AIM OF THE EXERCISE: An identical copy of all records below is to be written out.

[Dataset entries]
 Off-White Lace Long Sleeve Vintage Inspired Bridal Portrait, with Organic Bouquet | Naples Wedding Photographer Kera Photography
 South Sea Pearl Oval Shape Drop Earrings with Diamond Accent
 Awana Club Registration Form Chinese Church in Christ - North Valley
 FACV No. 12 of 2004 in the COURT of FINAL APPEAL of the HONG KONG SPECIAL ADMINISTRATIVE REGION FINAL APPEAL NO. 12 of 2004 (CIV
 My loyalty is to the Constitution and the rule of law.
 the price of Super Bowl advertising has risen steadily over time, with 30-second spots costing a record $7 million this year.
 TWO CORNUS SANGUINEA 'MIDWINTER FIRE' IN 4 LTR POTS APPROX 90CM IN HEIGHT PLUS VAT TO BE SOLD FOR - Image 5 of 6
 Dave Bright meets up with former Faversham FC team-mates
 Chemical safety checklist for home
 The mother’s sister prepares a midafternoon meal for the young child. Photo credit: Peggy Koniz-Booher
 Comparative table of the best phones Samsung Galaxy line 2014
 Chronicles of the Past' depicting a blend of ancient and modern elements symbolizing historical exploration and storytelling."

TASK RESPONSE:
 Off-White Lace Long Sleeve Vintage Inspired Bridal Portrait, with Organic Bouquet | Naples Wedding Photographer Kera Photography
 South Sea Pearl Oval Shape Drop Earrings with Diamond Accent
 Awana Club Registration Form Chinese Church in Christ - North Valley
 FACV No. 12 of 2004 in the COURT of FINAL APPEAL of the HONG KONG SPECIAL ADMINISTRATIVE REGION FINAL APPEAL NO. 12 of 2004 (CIV
 My loyalty is to the Constitution and the rule of law.
 the price of Super Bowl advertising has risen steadily over time, with 30-second spots costing a record $7 million this year.
 TWO CORNUS SANGUINEA 'MIDWINTER FIRE' IN 4 LTR POTS APPROX 90CM IN HEIGHT PLUS VAT TO BE SOLD FOR - Image 5 of 6
 Dave Bright meets up with former Faversham FC team-mates
 Chemical safety checklist for home
 The mother’s sister prepares a midafternoon meal for the young child. Photo credit: Peggy Koniz-Booher
 Comparative table of the best phones Samsung Galaxy line 2014
 Chronicles of the Past' depicting a blend of ancient and modern elements symbolizing historical exploration and storytelling."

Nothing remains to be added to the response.